The implementation can use nested dicts instead, but an explicit plan object reduces naming, recursion, and dry-run bugs.

6. New functions needed

The exact names may vary, but the design should introduce helpers with the responsibilities below.

6.1 Config parsing helpers

Recommended `_parse_partition_by()`

Purpose:

Parse partition_by from YAML.
Enforce list-of-strings validation.
Normalize omitted/empty top-level values to None.
Preserve cluster-level empty list [] long enough for override resolution.

Recommended `_parse_max_partitions()`

Purpose:

Parse and validate max_partitions.
Enforce positive integer semantics.

6.2 Partition validation helpers

Recommended `_validate_partition_columns()`

Purpose:

Ensure every requested partition column exists after apply_column_filter().
Fail early if a partition column was removed by include or exclude.
Produce context-rich errors that name the config, file, or cluster.

Recommended `_assert_partition_compatible()`

Purpose:

In append mode, verify that the existing parent table is LIST-partitioned on the same ordered keys.
Reuse SchemaCompatibilityError for incompatibility.

Expected catalog check:

Query pg_partitioned_table for partstrat.
Query pg_attribute using partattrs order to get the parent key columns.
Require partstrat = 'l'.
Require the ordered key list to exactly equal the resolved partition_by list.

6.3 Partition discovery helpers

Recommended `discover_partition_values()`

Purpose:

Scan an iterable of filtered DataFrames.
Normalize the partition columns the same way _prepare_for_copy() will normalize them for COPY.
Build a cascading partition tree scoped by parent value.
Count the child partition tables that will be created.

Suggested input shape:

dfs: Iterable[pd.DataFrame]
columns: Dict[str, ColumnSpec]
partition_by: List[str]
root_table_name: str

Suggested output shape:

PartitionPlan

Recommended `_warn_if_partition_count_exceeds()`

Purpose:

Emit [warn] ... to stderr if plan.total_partition_tables > max_partitions.
Never abort the load.

6.4 Naming and literal helpers

Recommended `_sanitize_partition_token()`

Purpose:

Convert a normalized partition value into a safe, deterministic table-name suffix.
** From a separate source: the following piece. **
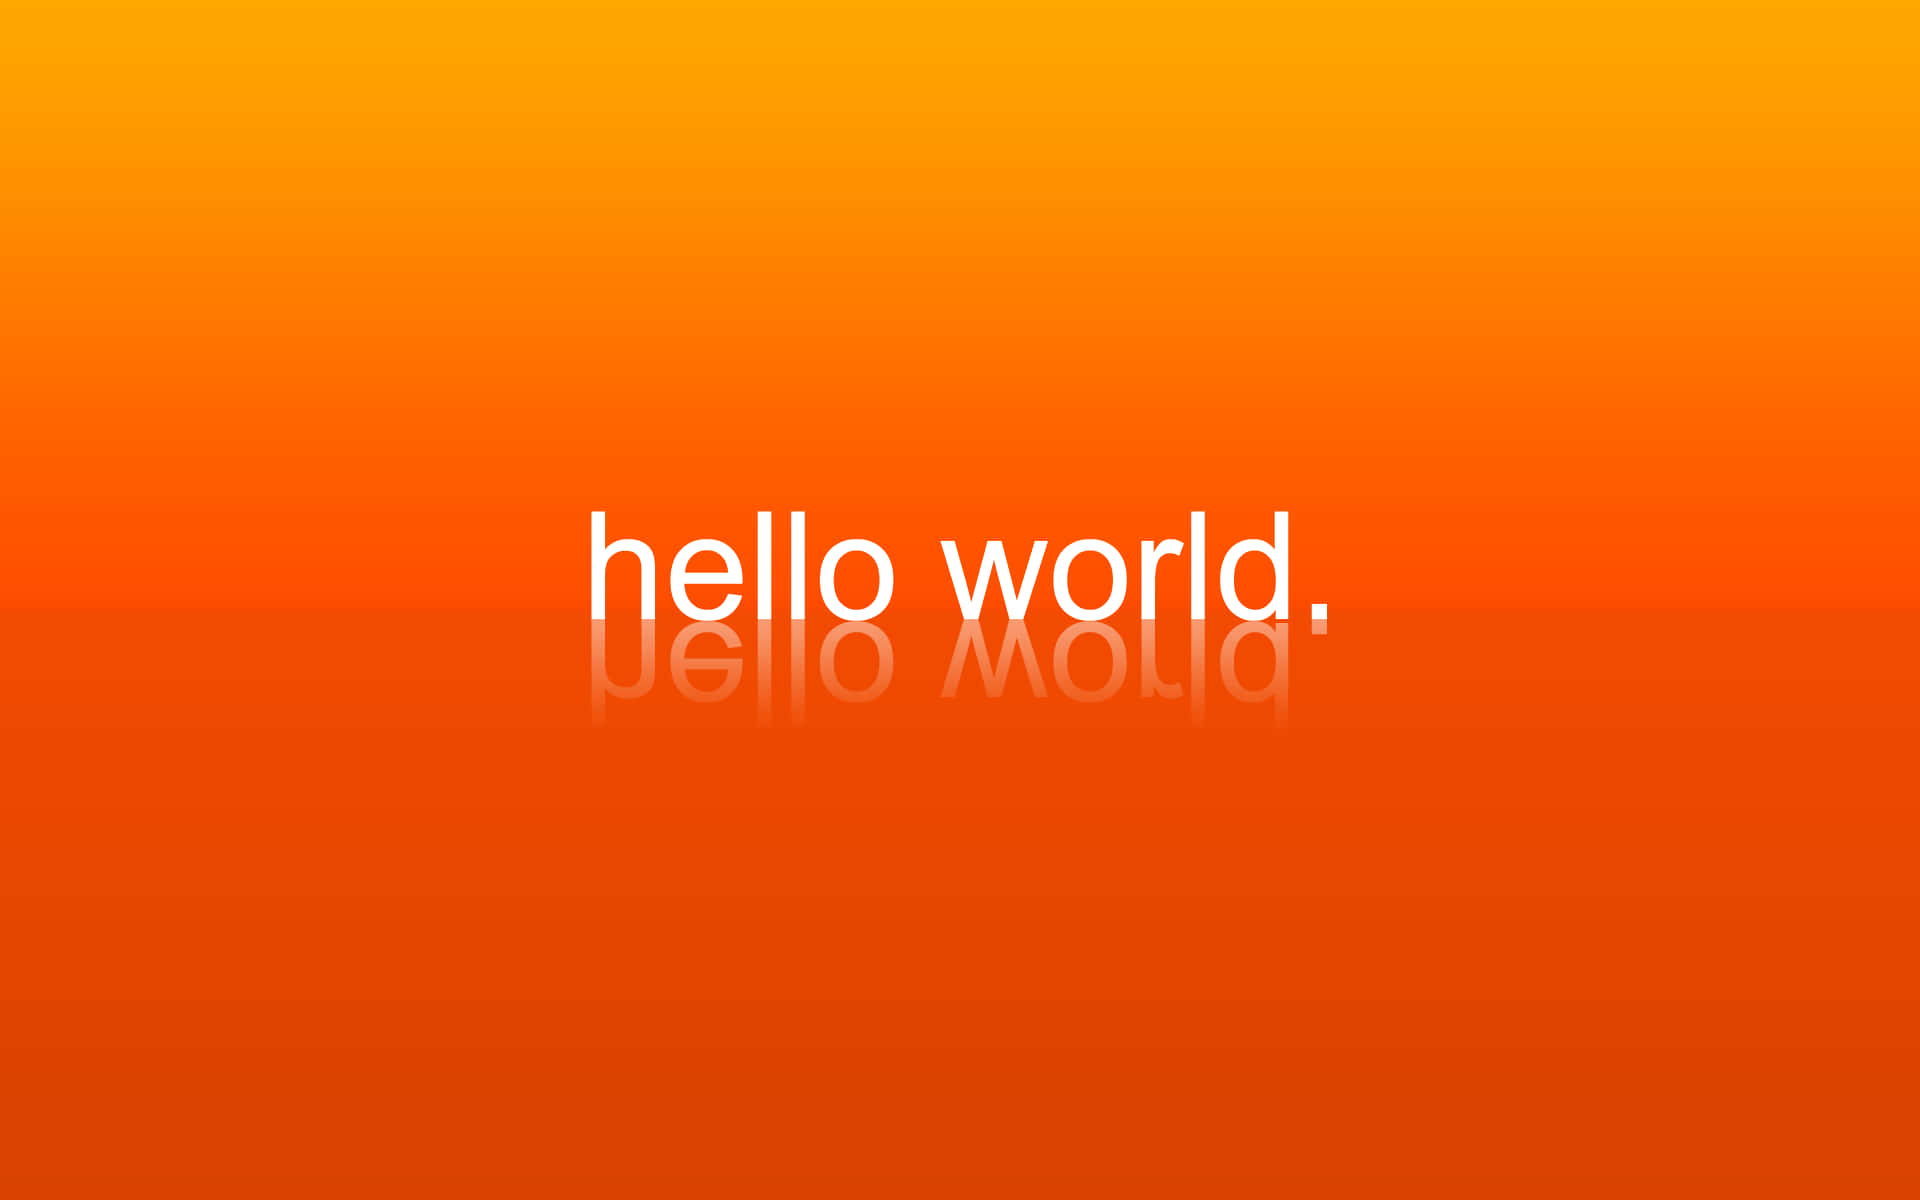 Programaciónhd Hola Mundo Estética Naranja Fondo de pantalla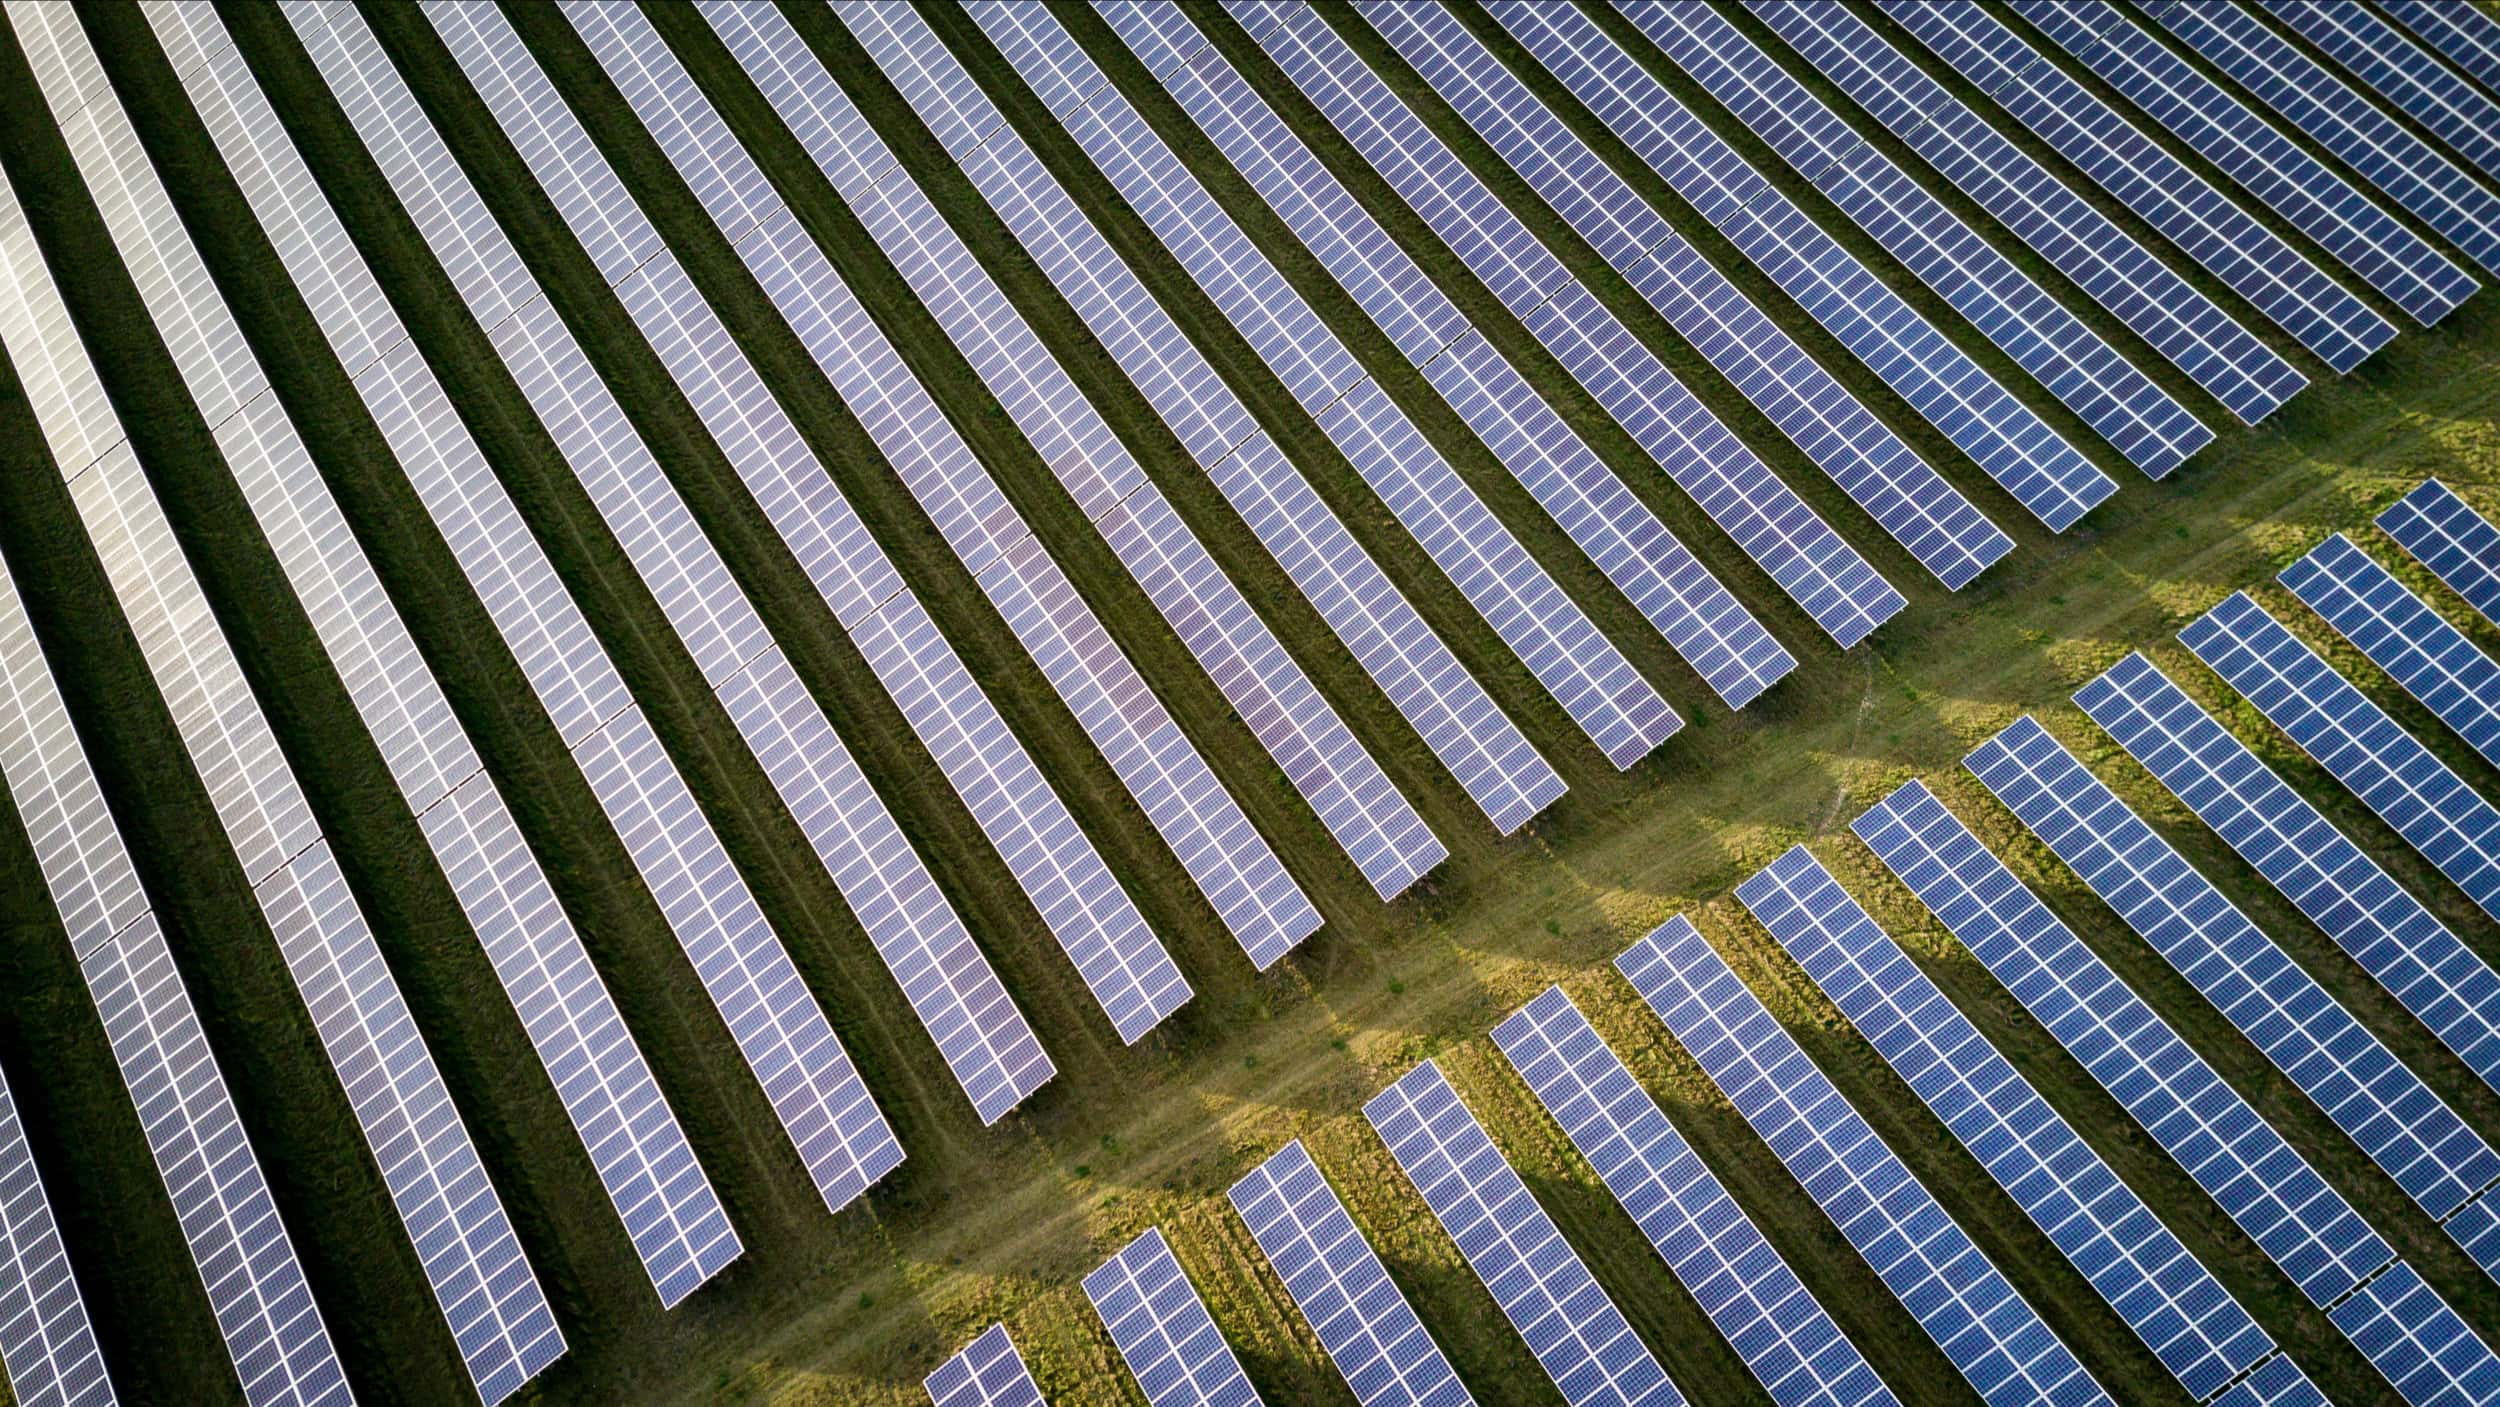 Solar panels in a field.

Recommended `_build_partition_table_name()`

Purpose:

Combine parent name and sanitized token.
Enforce Postgres identifier-length limits.
Resolve collisions deterministically.

Recommended `_render_partition_literal()`

Purpose:

Render one value for FOR VALUES IN (...).
Preserve the exact routed value Postgres will see during COPY.

6.5 DDL rendering helpers

Recommended `render_partition_ddl()`

Purpose:

Render child CREATE TABLE ... PARTITION OF ... statements recursively.

Recommended `render_create_table_statements()`

Purpose:

Return the full ordered statement list for dry-run and actual execution.
Keep the root statement first.
Append recursive child statements afterward.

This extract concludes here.